Coronavirus: Thread

grarpamp grarpamp at gmail.com
Wed Oct 6 23:27:52 PDT 2021


Death Perspective, Vaccines, FUD and Hypocrisy...


WHO Approves First Malaria Vaccine After 30 Years Of Development

https://www.wsj.com/articles/worlds-first-malaria-vaccine-gets-who-backing-for-sub-saharan-africa-11633535575

More than three decades after scientists at GlaxoSmithKline started
developing it, a malaria vaccine was finally approved Wednesday by the
WHO. The vaccine could help save the lives of 400,000 people who still
succumb to malaria every year (more than 50% are children under 5),
most in sub-Saharan Africa. The vaccine is formulated for inoculating
young children as well as adults.

Per WSJ, the WHO's endorsement is a critical step for enabling
production and the rollout of the jab, which unfortunately could take
years to come into wide use across the continent of Africa.

The malaria jab will be administered in four doses. It has already
been used to inoculate more than 800K children in Ghana, Kenya and
Malawi as part of a long-running pilot program.

In a press release announcing its approval, the WHO said the jab
offers "a glimmer of hope" for the Continent's most vulnerable
children and others.

    "Today’s recommendation offers a glimmer of hope for the continent
which shoulders the heaviest burden of the disease and we expect many
more African children to be protected from malaria and grow into
healthy adults," said WHO Regional Director for Africa Matshidiso
Moeti in the release.

Notably, the vaccine - called TS,S or Mosquirix - is the first jab to
ever be deployed against a parasitic disease.
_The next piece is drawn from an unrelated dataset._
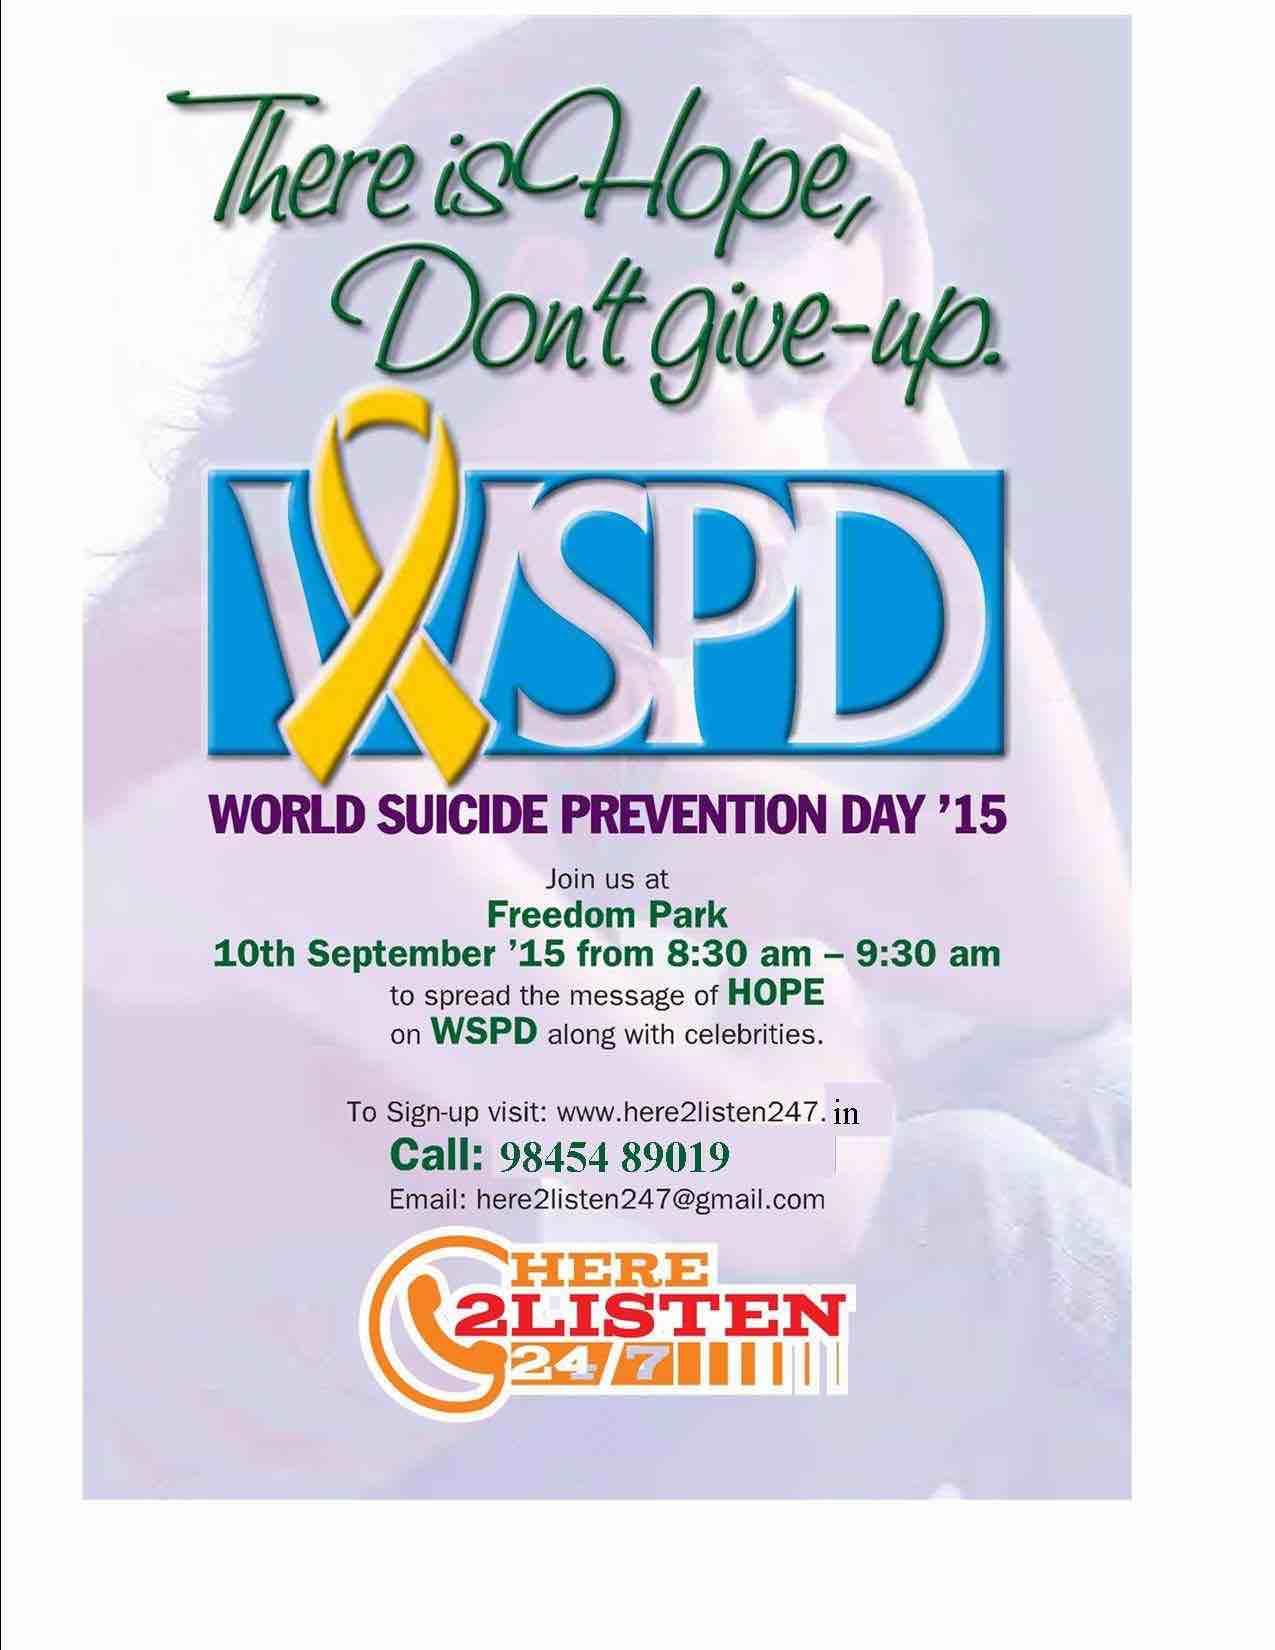 WSPD 2015

The jab was designed to
work against Plasmodium falciparum, the most common malaria parasite
in Africa, and the deadliest.

    “This is a historic moment. The long-awaited malaria vaccine for
children is a breakthrough for science, child health and malaria
control,” WHO Director-General Tedros Adhanom Ghebreyesus said in the
press release.

But before anybody gets too excited, WSJ points out that the vaccine
was only shown to reduce severe malaria cases by 30%. Because of this,
and the difficulty of distribution, it could take years to see how
effective the vaccine is in the real world.

While it typically doesn't overwhelm hospitals, malaria has been
steadily killing people by the hundreds of thousands for years.

Yet its development and approval wasn't considered an emergency?